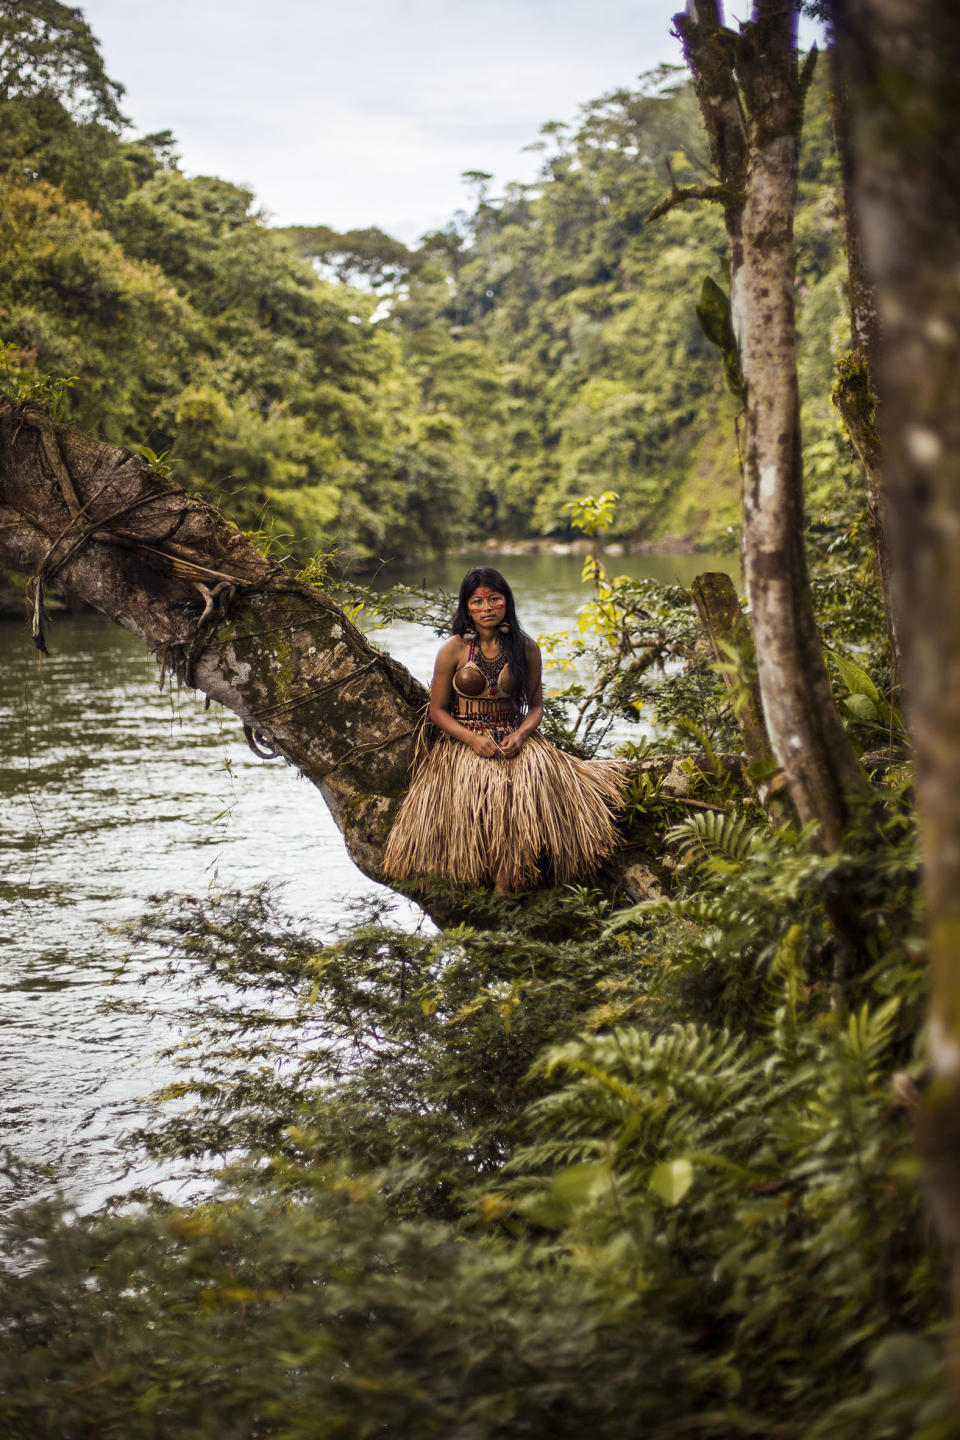 <p>“More and more tribes of Amazonia are starting to adopt modern clothes for everyday life. But they are still keeping their traditional clothes for important events. I photographed this young woman in her wedding outfit.” <i>[Photo: Mihaela Noroc]</i> </p>
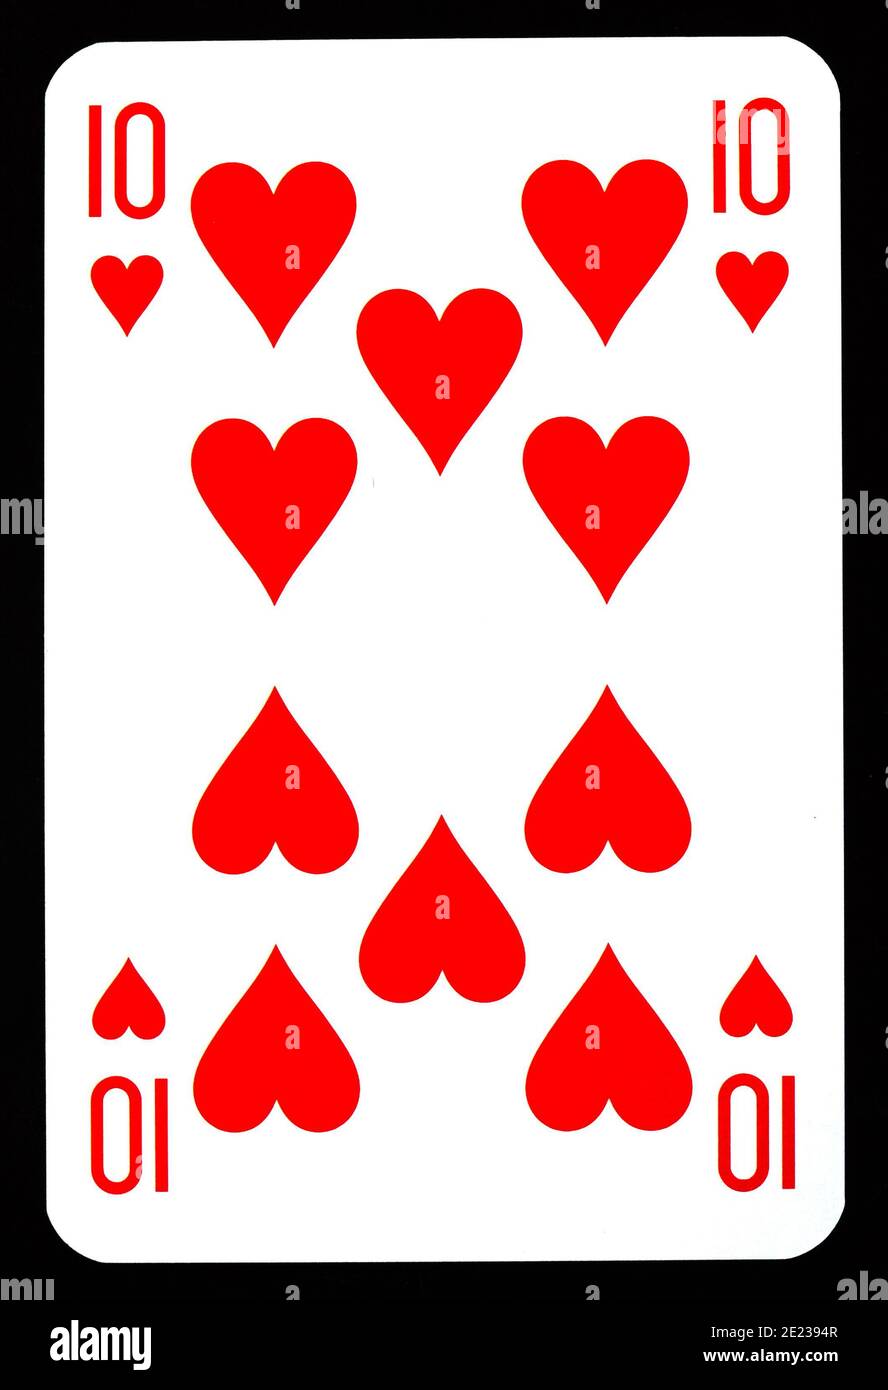 Ten of hearts playing card isolated on black Stock Photo - Alamy
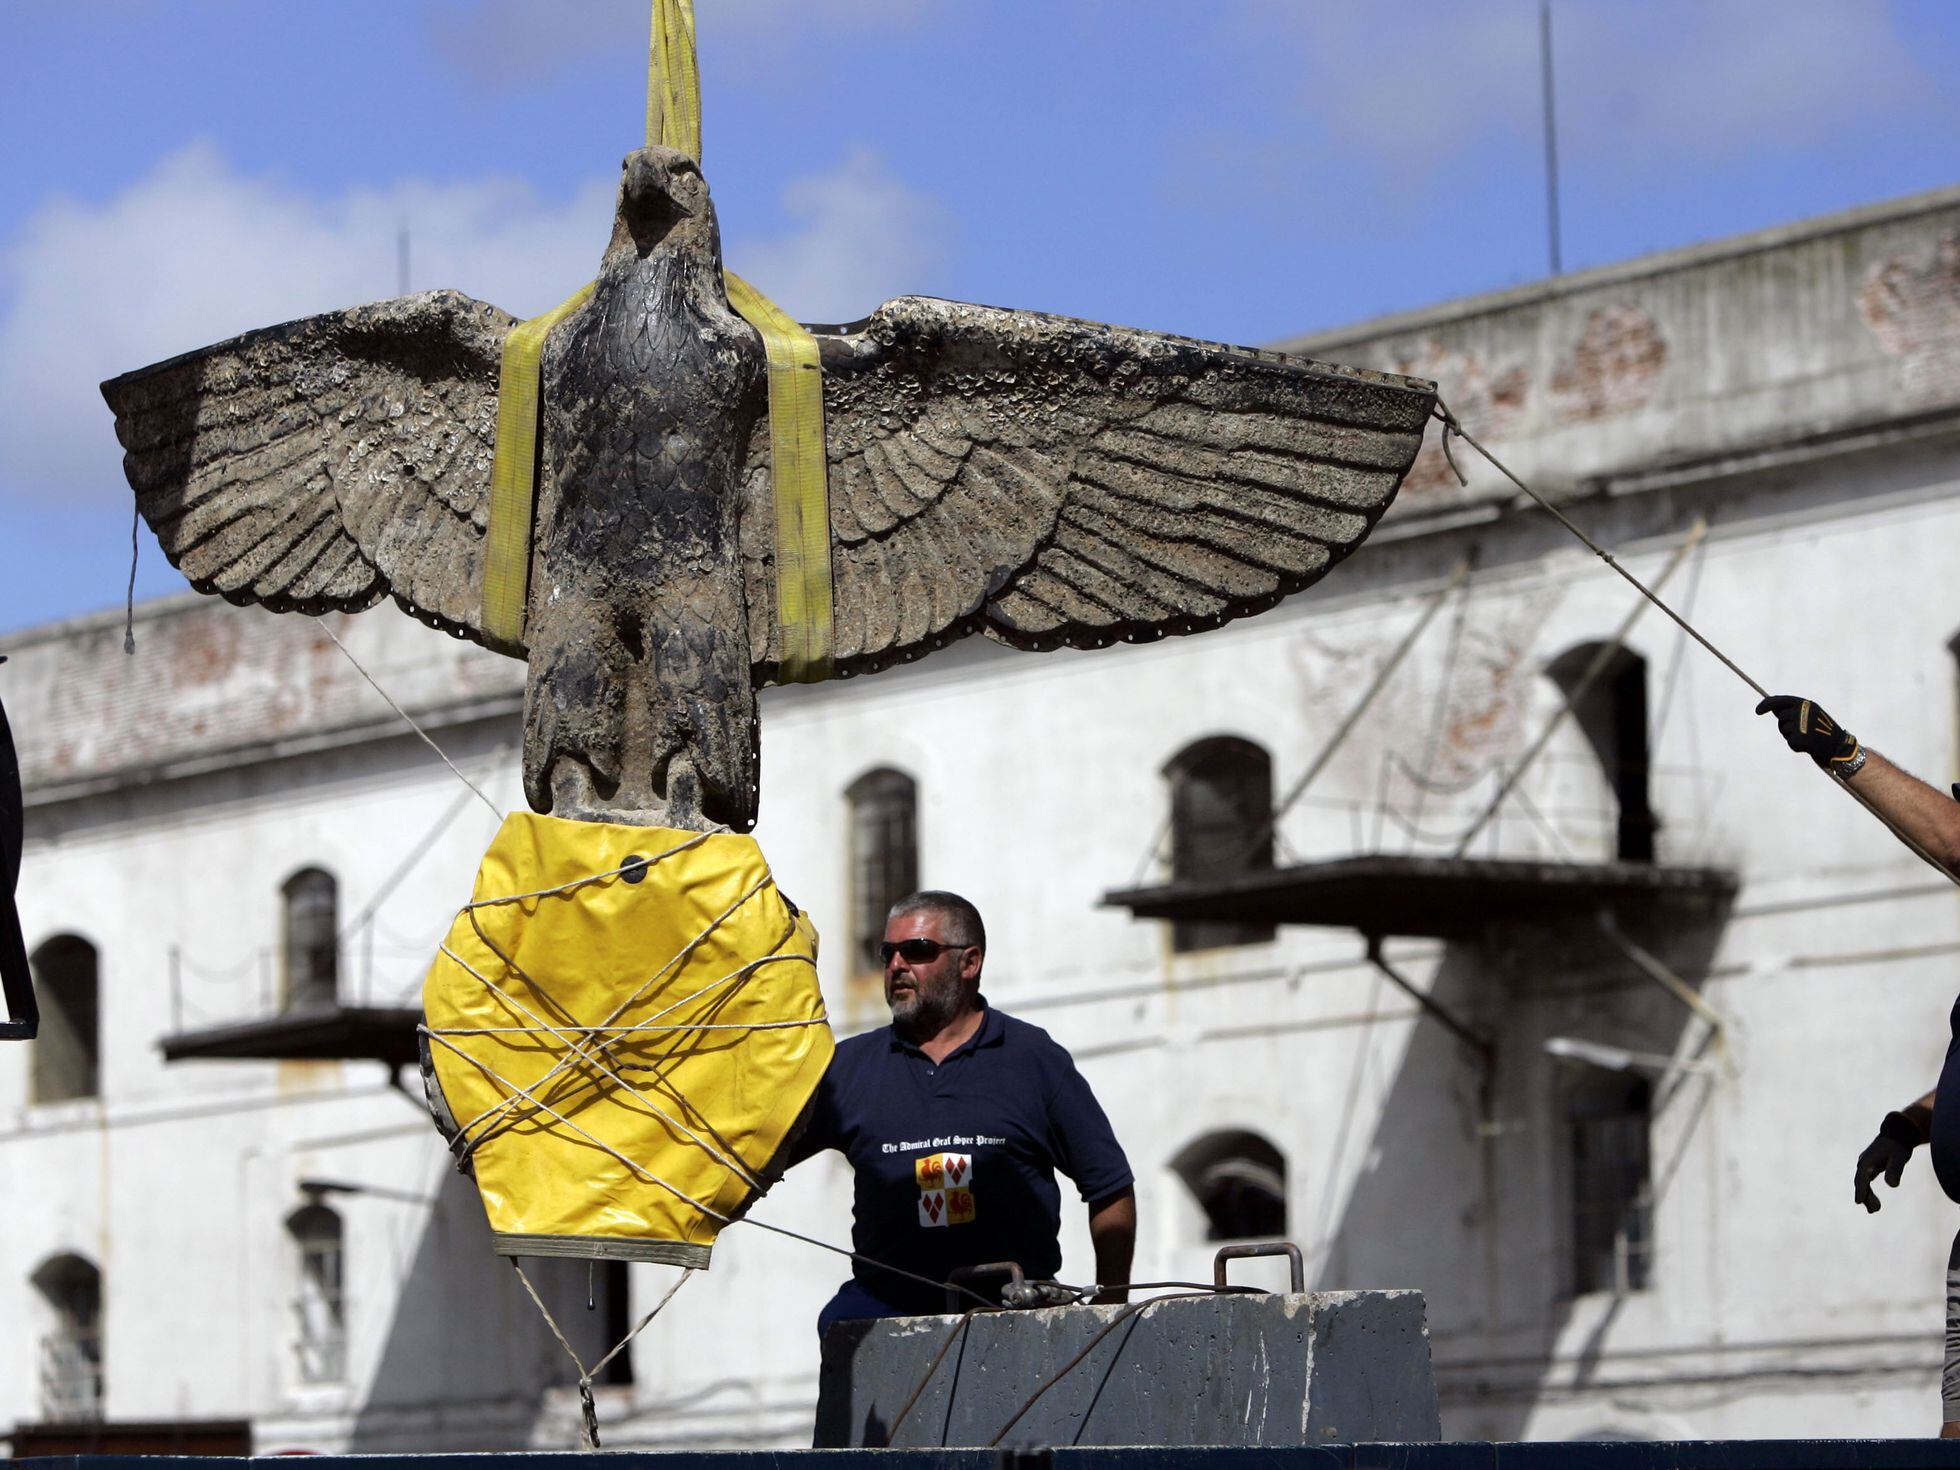 Uruguay debates the fate of a Nazi eagle raised from the wreckage
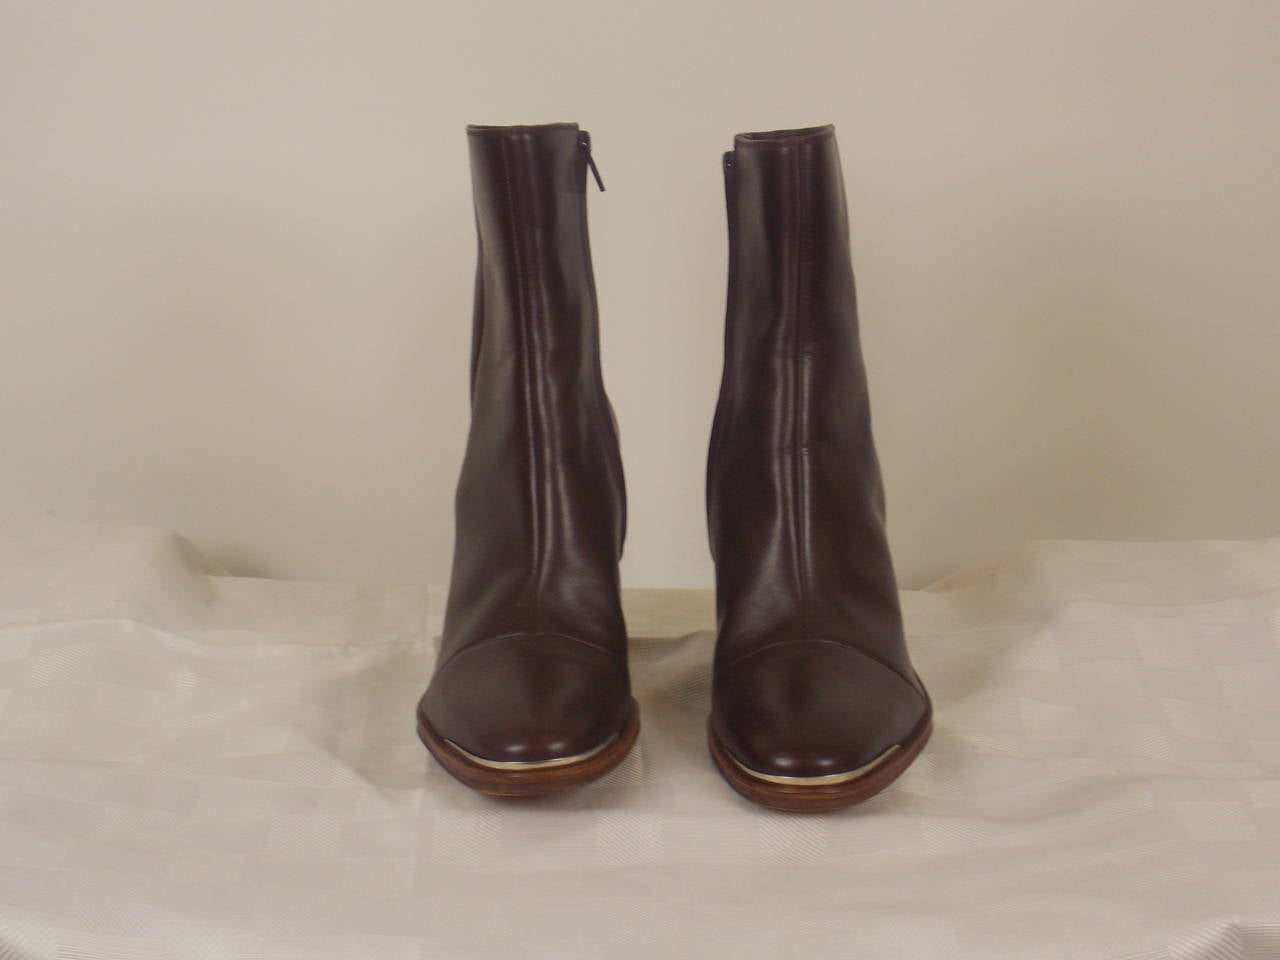 Celine brown leather ankle booties with 1 inch wood heel, and side zip closure.
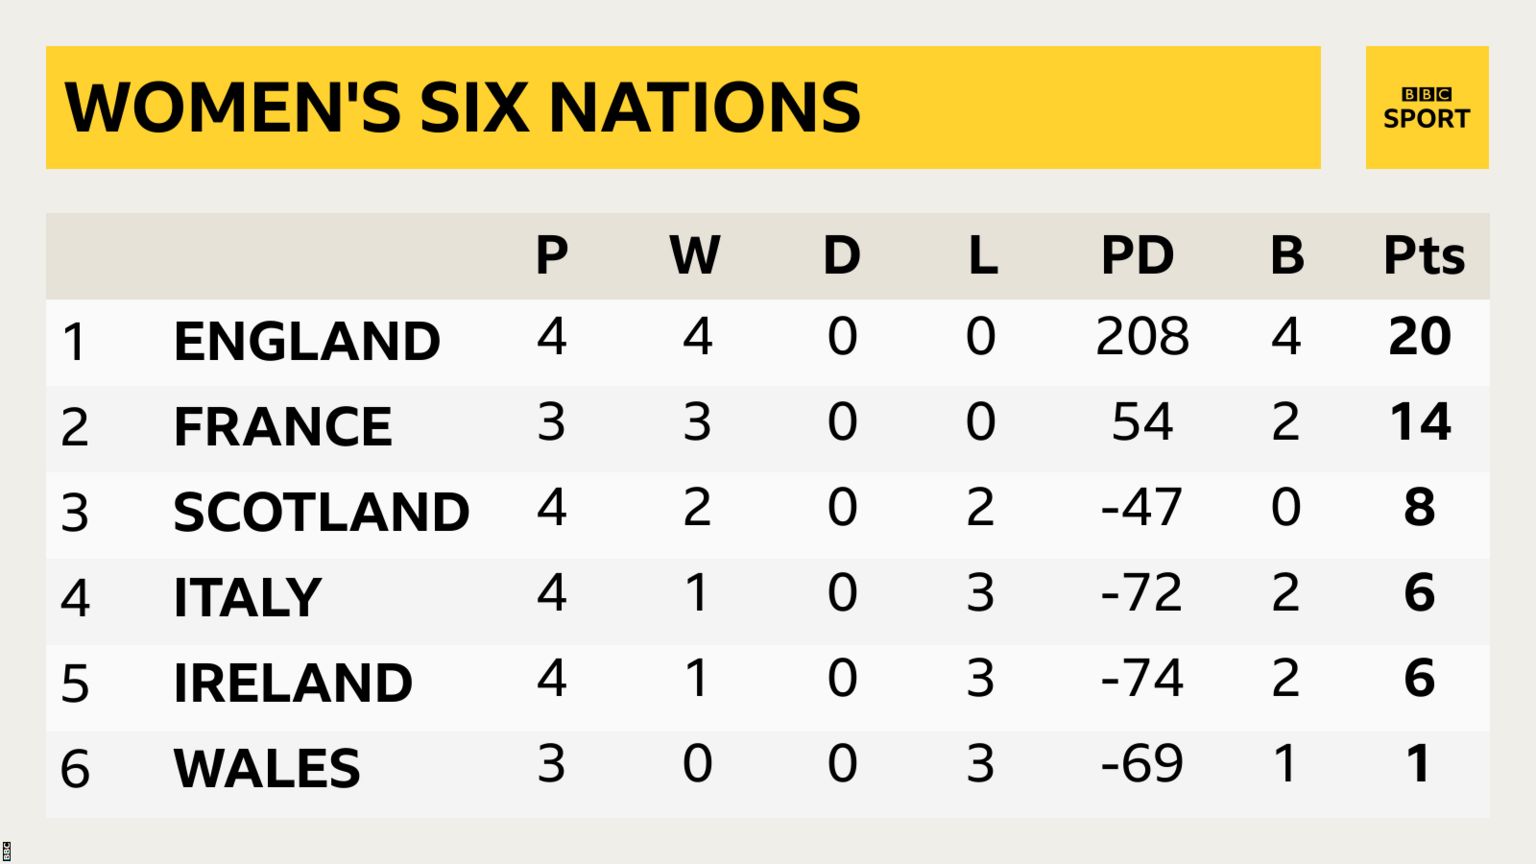 England lead the Women's Six Nations table after four bonus point wins, while France are second, Scotland third, Italy fourth, Ireland fifth and Wales sixth
++++++
Retype everything in the entries exactly except the pictures.

Expected answer:
 <p>“More and more tribes of Amazonia are starting to adopt modern clothes for everyday life. But they are still keeping their traditional clothes for important events. I photographed this young woman in her wedding outfit.” <i>[Photo: Mihaela Noroc]</i> </p>
 Ten of hearts playing card isolated on black Stock Photo - Alamy
 Uruguay debates the fate of a Nazi eagle raised from the wreckage
 Celine brown leather ankle booties with 1 inch wood heel, and side zip closure.
 England lead the Women's Six Nations table after four bonus point wins, while France are second, Scotland third, Italy fourth, Ireland fifth and Wales sixth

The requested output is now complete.